The feature, known as the Choice Screen, asks users which search engine they want as their default during the initial set-up of a new device. COMCO says Google recently removed it in Switzerland while leaving it running in the European Economic Area.
The practical consequence is that Swiss buyers now get Google Search as their default without being asked.
“This new practice by Google could affect the ability of search engine providers and, more broadly, other digital service providers to compete,” the authority said in a statement.
It added that the change “creates an unequal treatment between Swiss users and those in the European Economic Area”.
Google confirmed it was aware of the case. “We look forward to cooperating fully with the authority to address their questions,” a spokesperson said.
The company has not published a rationale for withdrawing the screen in Switzerland.
The instrument being used here is worth being precise about. A preliminary investigation, the Vorabklärung, is the lightest tool the Swiss competition secretariat has.
It carries no charge, no deadline, and no presumption of wrongdoing. Its only job is to establish whether there are indications of an unlawful restriction of competition under the Cartel Act.
If there are, a full investigation can follow, and that is the stage at which remedies and fines become possible.
What makes the case interesting is the reasoning behind it. Default settings, COMCO argues, play a decisive role in digital markets, and the choice screen exists precisely to soften the foreclosure effect that defaults produce.
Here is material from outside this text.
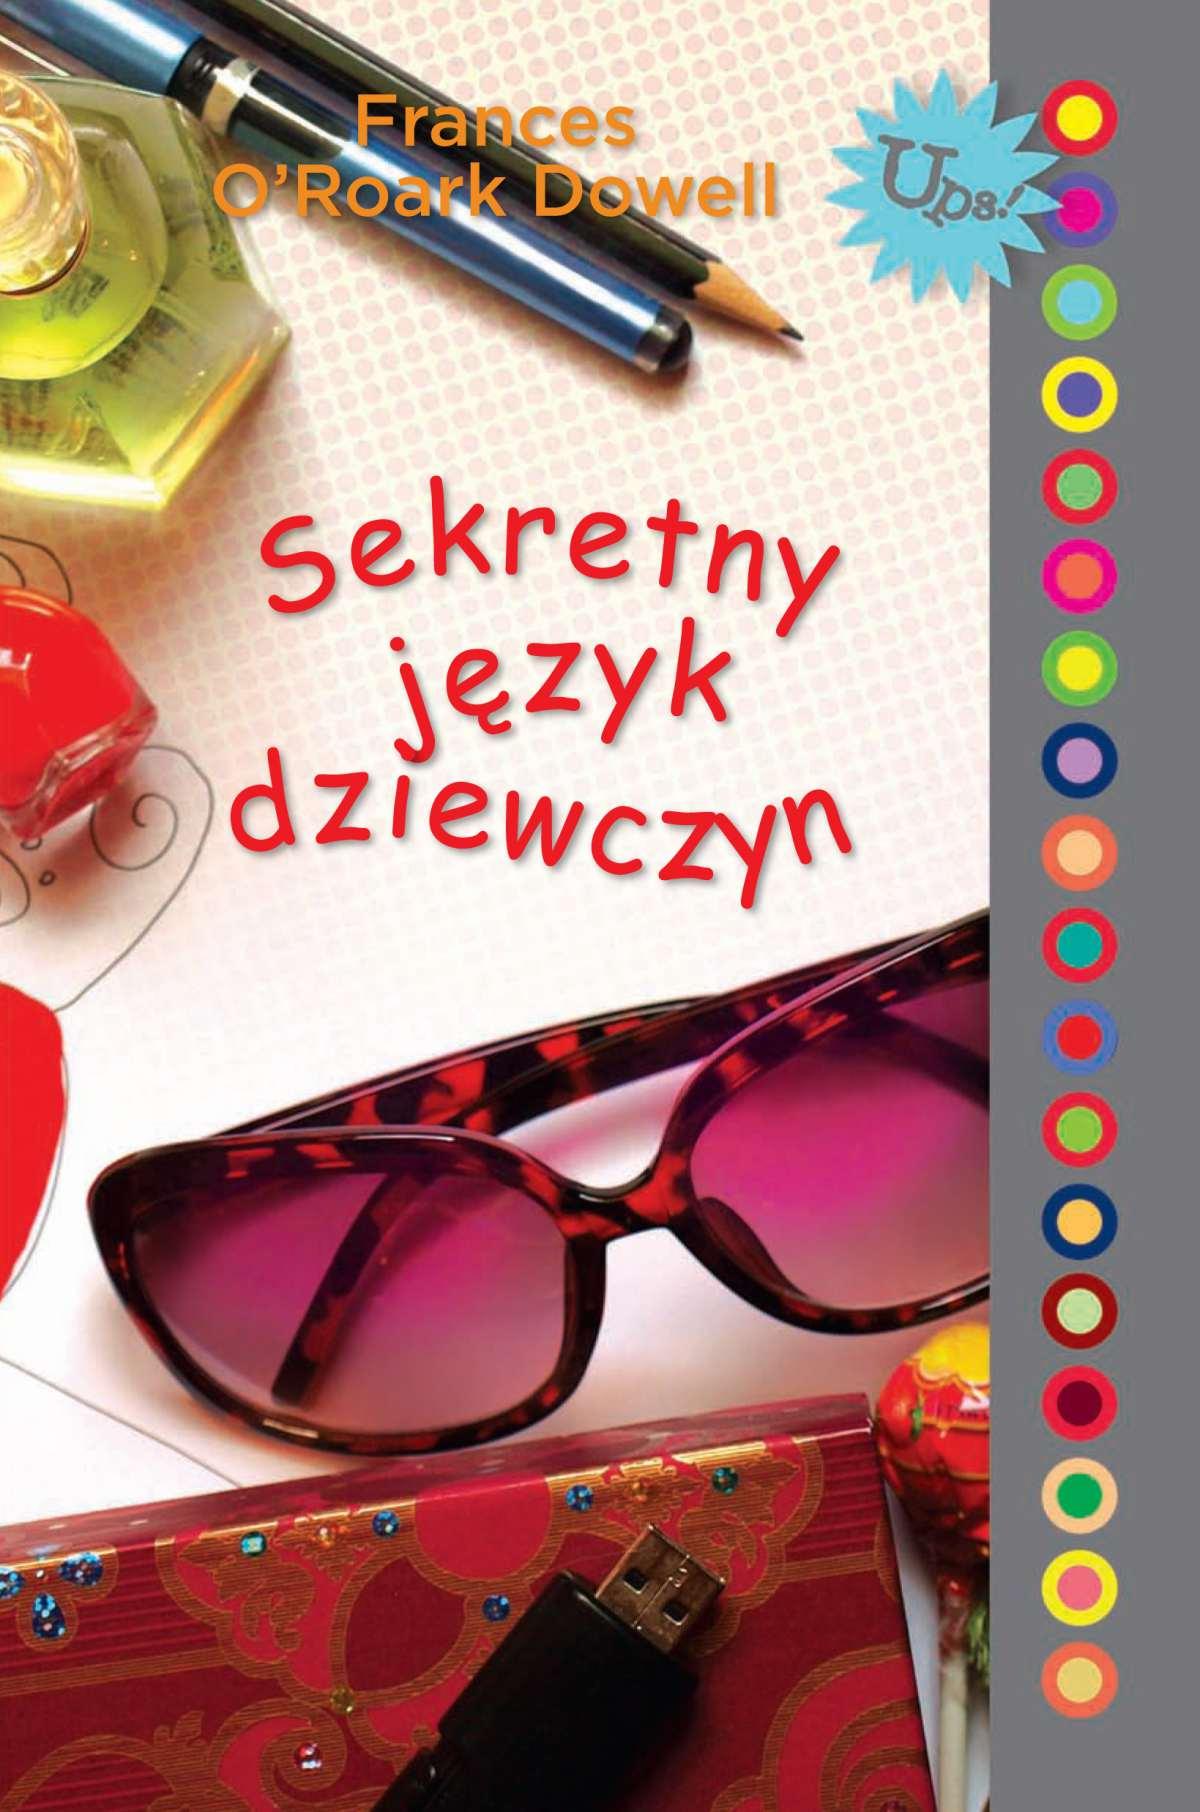 Sekretny język dziewczyn - Ebook (Książka EPUB) do pobrania w formacie EPUB
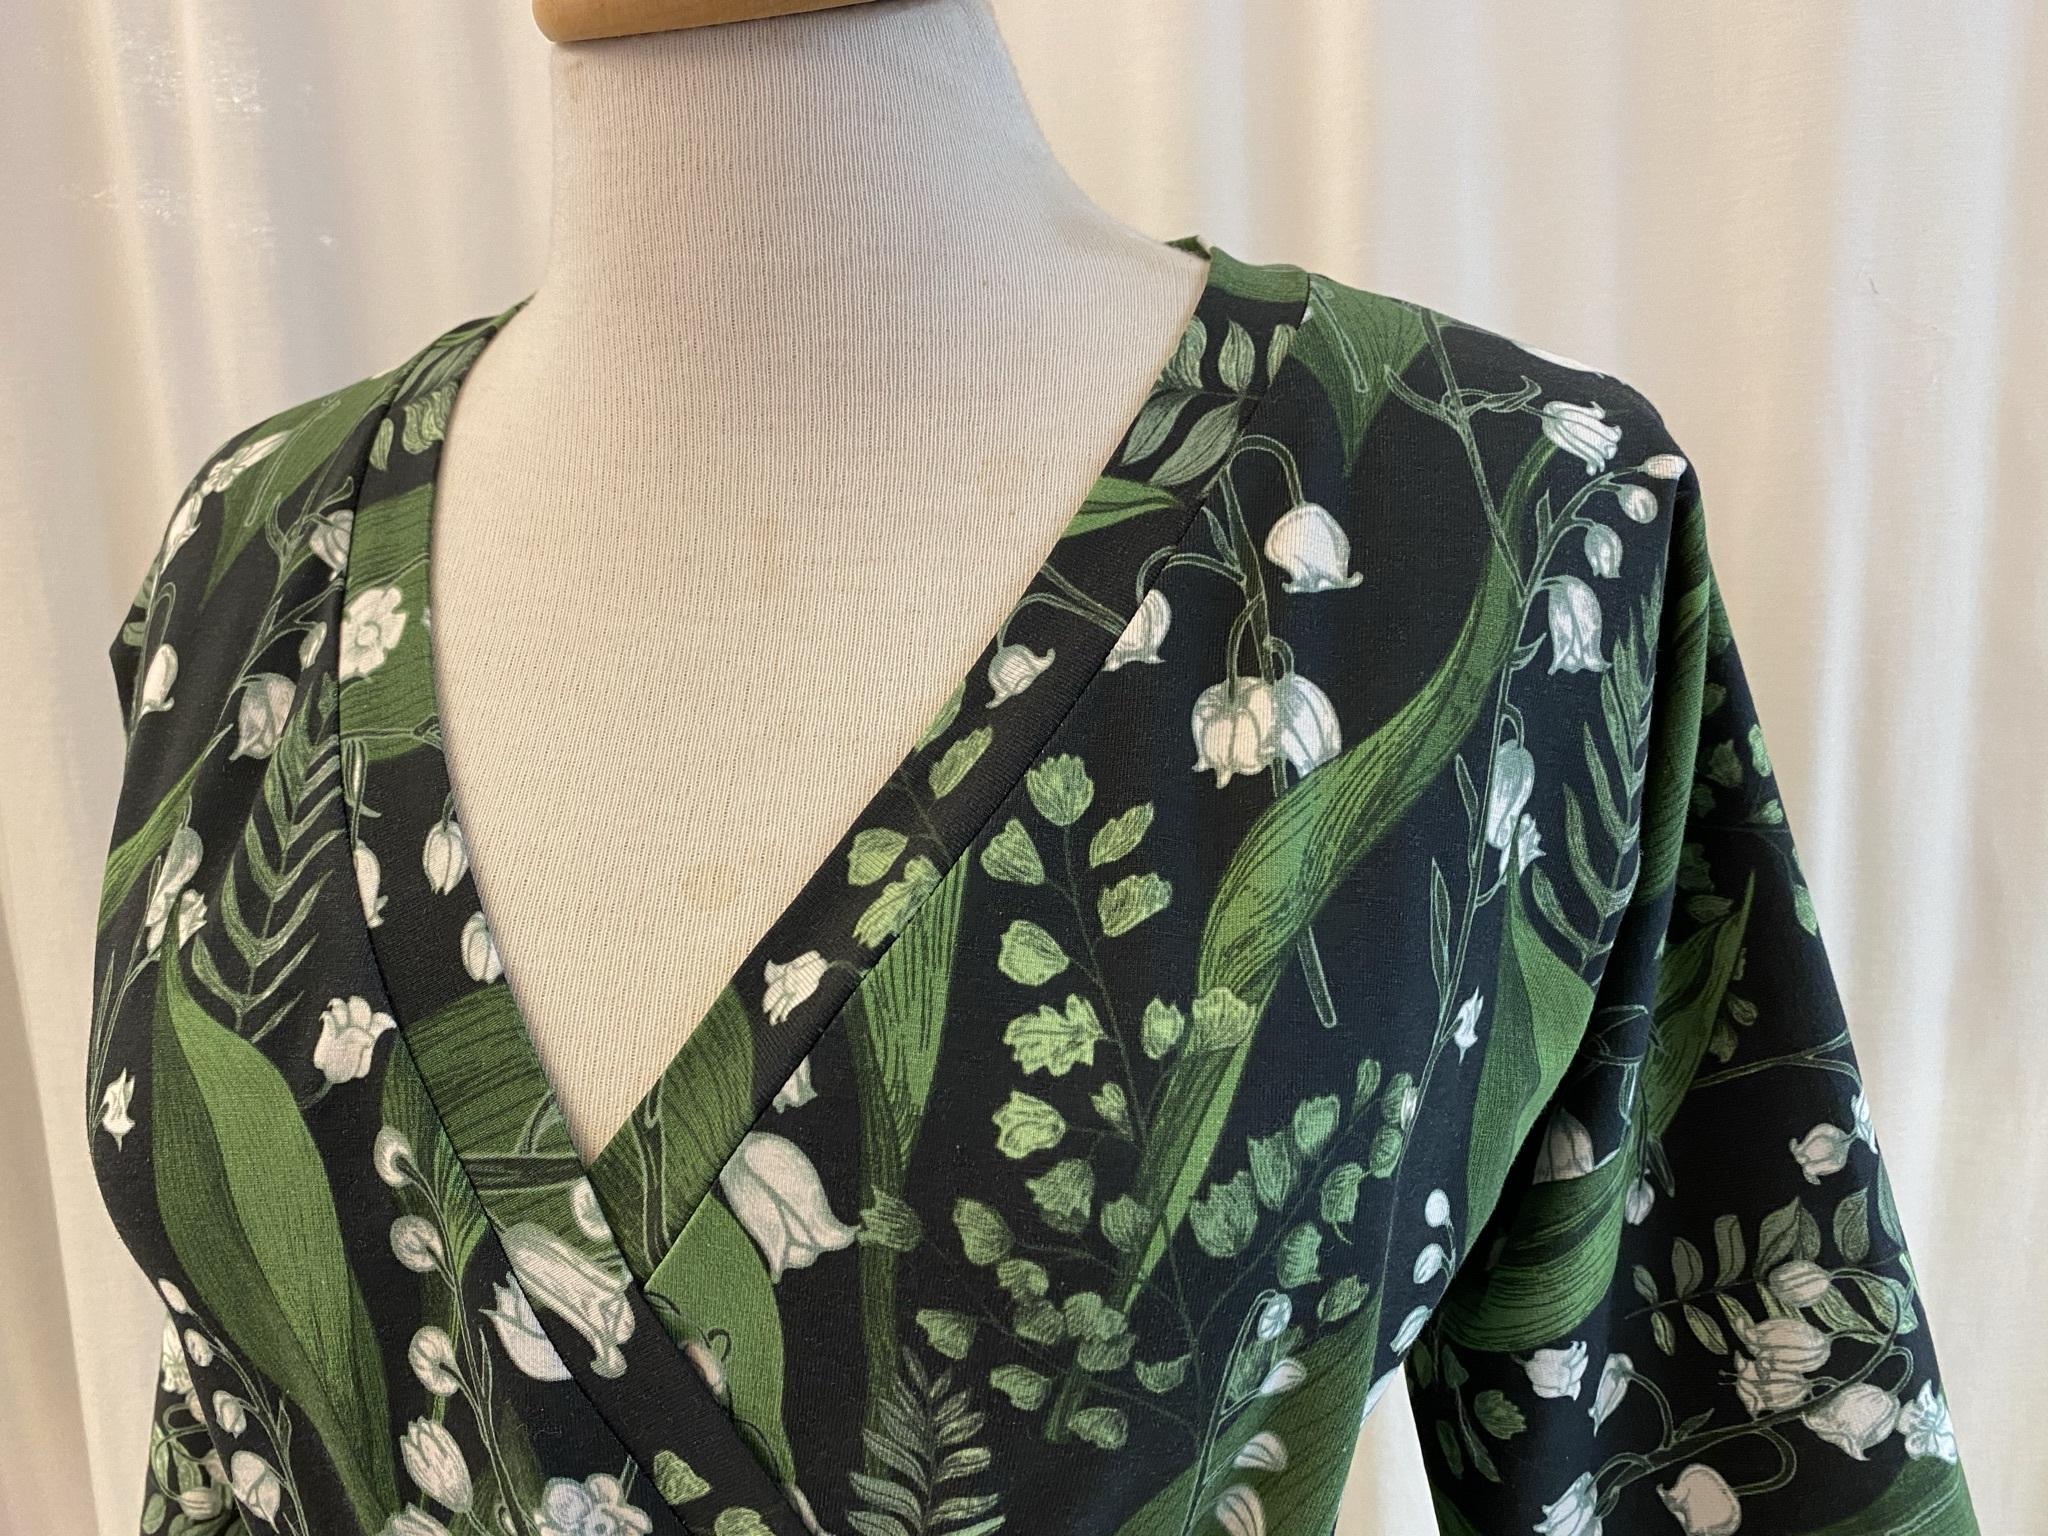 SaraLaholm Viola klänning omlottklänning liljekonvalj vår unik design svart grön blommor bomullstrikå

Remove it, and rival engines lose visibility at the single moment a user is most likely to reconsider. That, in the regulator’s framing, raises the barrier to entry.
In its statement the commission put it less gently. Removing the feature, it said, “could limit the visibility of search engines competing with Google during device set-up, thereby raising barriers to market entry”.
The choice screen, on that reading, was never a courtesy extended to users. It was a corrective applied to a market.
The size of the prize is not in dispute. Google holds roughly 82% of Swiss search, according to web analytics firm Statcounter, a share that leaves the choice screen looking less like a meaningful marketplace and more like a formality.
Rivals do move when the conditions shift, though. DuckDuckGo installs jumped 18% after Google reshaped its results page around AI summaries, which suggests the appetite for an alternative is there when users are given a reason to look for one.
The choice screen is a European artefact, and that is the heart of the matter. It exists because Brussels made it exist, first through the Android abuse case whose €4.1bn fine Google exhausted its appeals against, and more recently through the obligations gatekeepers carry under the Digital Markets Act.
Switzerland sits outside both regimes. It is not in the EEA, the DMA does not reach it, and its regulator is left proving abuse of dominance the hard way.
The gap is not small. In the EU, the Commission is preparing to force Google to open Android to rival AI assistants, and has already set out what search data Google must share with competing engines.
Switzerland has none of that machinery. What it has is a cartel law, a dominant firm, and a feature that was there in June and is not there now.
COMCO also noted that whatever it finds could bear on how default settings are assessed on other mobile devices, a sentence that lands somewhere in the vicinity of Cupertino. No timetable for the preliminary investigation has been set.
Google is not accused of anything yet, and a preliminary investigation can close with nothing. It has, though, been asked a question it has so far declined to answer. Why Switzerland, and why now.